Canada's video game industry consists of approximately 32,300 employees across 937 companies. In 2021, the industry generated an estimated US$ 3.4 billion in revenue, having grown by 20% since 2019. Video game development is beginning to rival the film and television production industry as a major contributor to the Canadian economy.

History
The first documented commercial Canadian video game release was Les Têtards published by Logidisque in 1982. However, Evolution and BC's Quest for Tires, both released in 1983, were the first video games developed in Canada that gained substantial commercial success. Chris Gray and Peter Liepa, from Toronto and Ottawa respectively, together created Boulder Dash in 1983 which was later acquired and published by First Star Software. 

In the past decade, more companies are moving from the West Coast to Ontario and Quebec, where there is more government support for studios and the cost of living is lower. For example, Ubisoft opened Ubisoft Montreal in 1997 with government incentives. The studio has since grown to be one of the largest single-location studios by employee count and led other video game developers to launch studios in Montreal, including Electronic Arts and Warner Bros. Interactive Entertainment. Montreal itself saw a growth in younger professionals coming to the city, not only in video game programming but other technology fields.

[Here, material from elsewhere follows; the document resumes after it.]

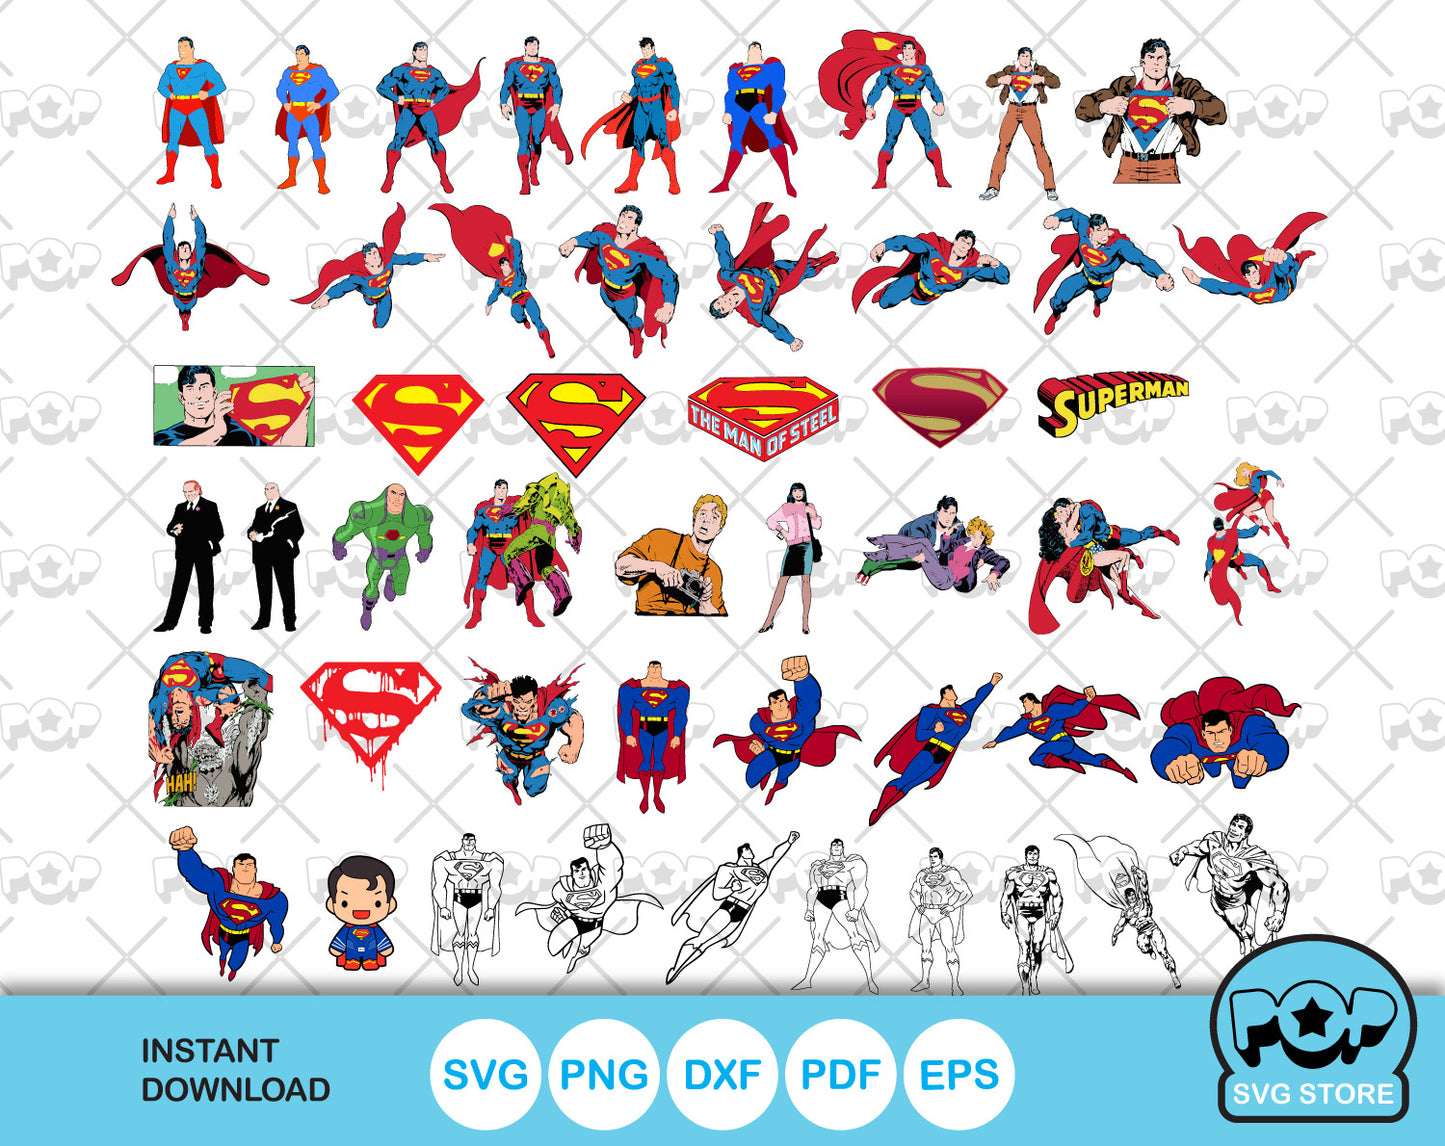 Superman 50 cliparts bundle, Superman SVG cut files for Cricut / Silhouette, PNG, DXF, instant download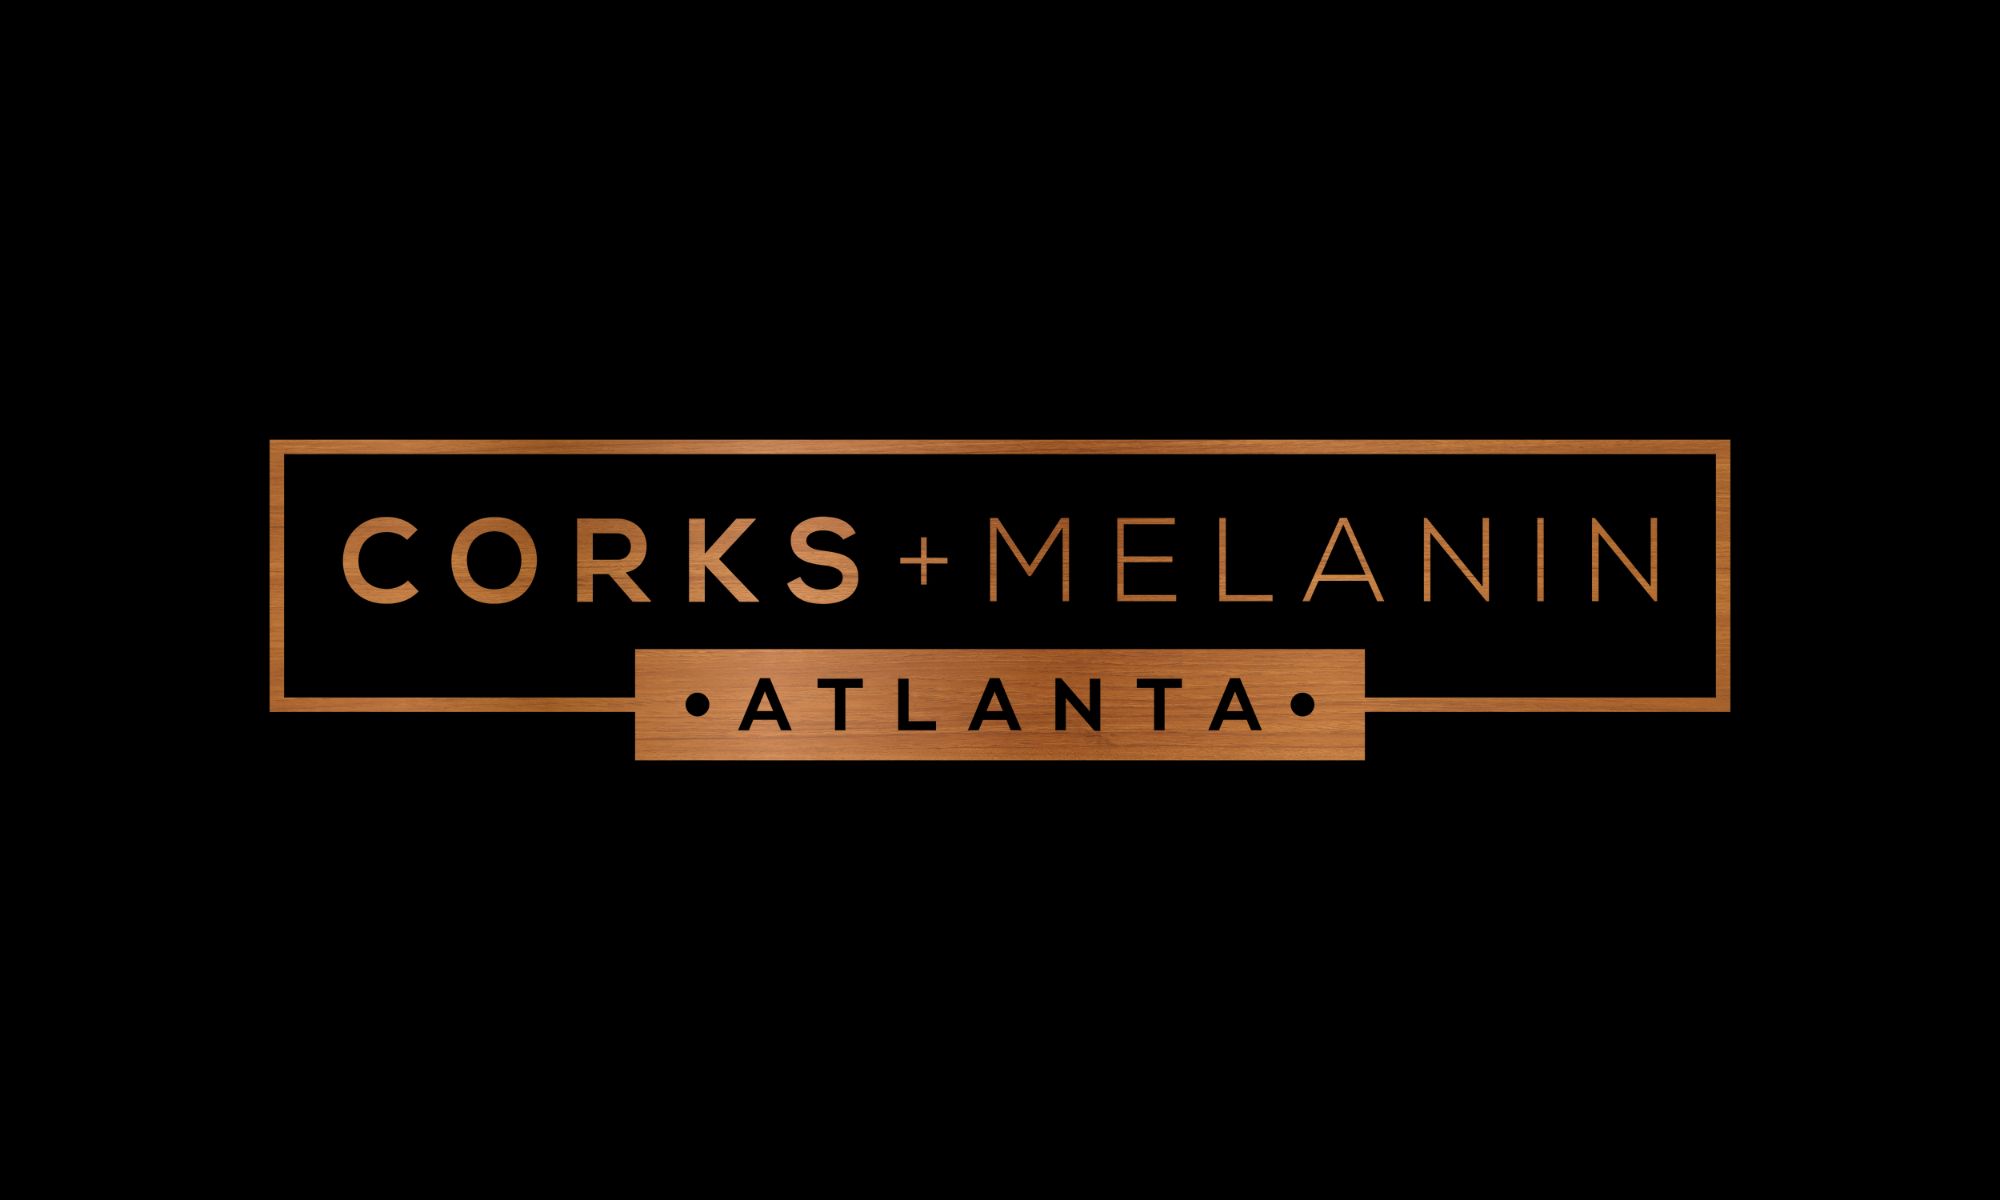 Corks + Melanin Atlanta

Ubisoft has since expanded out to other Canadian cities, including Ubisoft's Montreal sister studios Ubisoft Quebec and Ubisoft Saguenay. However, this draw to the eastern side of Canada has left Vancouver, also once similarly thriving with video game developers, seeing its impact on the industry wane.

Demographics

In 2015, approximately 19 million Canadians identified as gamers (54% of the Canadian population). The average Canadian gamer was 33 years old, and slightly more likely to be male. The gender split was measured to be 52% male to 48% female. Console game revenue fell 32% from 2013 to 2015 but still accounts for 35% of the revenue produced by Canada's video games industry. Canadians tend to prefer consoles over portable gaming. Mobile games saw an increase in revenue of 20% from 2013 to 2015, and accounted for 31% of the total revenue earned by Canada's video games industry. Computer game sales fell marginally (3%) and compose 25% of the industry's revenue. The most popular game genres in Canada are, in order of most to least popular, action-adventures, family games, and shooters.

Research
There has recently been a substantial amount of interest in the emergence of video game development as an industry in Canada and its impact on the economy, the creative industries, the role studios play in specific city ecosystems and how video games affect people physically and mentally. A recent study was done at McMaster University studying how playing video games improves the eyesight of those who suffer from problems pertaining to eyesight. Montreal, Quebec, is a particularly popular subject of study due to the maturity of the gaming industry and its overall urban ecology.

Video game industry

80% of all Canadian game studios are located in Quebec, British Columbia and Ontario. Ontario is the largest producer of video games in Canada, housing 31.8% of all game studios (10 of which are large companies) and has annual expenditures of $818.4 million. Quebec is the second largest, with 31.1% of companies residing in the province (22 of which are large companies) and spends $2.3 billion annually. The third largest video game producer is British Columbia, which has 17.2% of all game studios (19 of which are large companies) and has annual expenditures of $1 billion.

Education
Many Canadian post secondary institutions offer industry relevant courses in areas such as computer programming, animation/concept art, and game design. Many of the top programs are offered in either Vancouver, British Columbia or Toronto, Ontario and the Greater Toronto Area. Industry employees earn an average of $78,600 annually and the average age of an employee in this industry is 32 years old. According to the Entertainment Software Association of Canada in their 2015 report the skills that are most lacking in current recruitment pools are programming, art and animation, game design and data analysis.  it is anticipated that approximately 1,377 new jobs will be filled in the next 12–24 months, with approximately 40% being intermediate or senior level creative positions and approximately 60% being intermediate or senior level technical jobs.

Studios
Canada is home to some of the biggest studios in the industry. Edmonton, Alberta, hosts BioWare and Prince Edward Island is home to Other Ocean Interactive. EA Canada, located in Burnaby, British Columbia, is a major contributor to the industry with popular, global franchises such as FIFA and Need for Speed and has 4 other studios in Canada (Charlottetown, Edmonton, Kitchener and Montreal). Rockstar Vancouver was a sizeable contributor to the Vancouver gaming scene, as well as another Rockstar studio in Toronto. Montreal's Ubisoft studio is getting a large amount of attention worldwide as the lead studio for the Far Cry series and for their contributions to the Assassin's Creed franchise. As a major studio they are attracting other video game developers and studios to Montreal further defining it as the gaming capital of Canada, as well as the other major game studio, Warner Brothers Interactive. Ubisoft Toronto is also a large contributor to the global success of the Far Cry franchises as well as Splinter Cell Blacklist.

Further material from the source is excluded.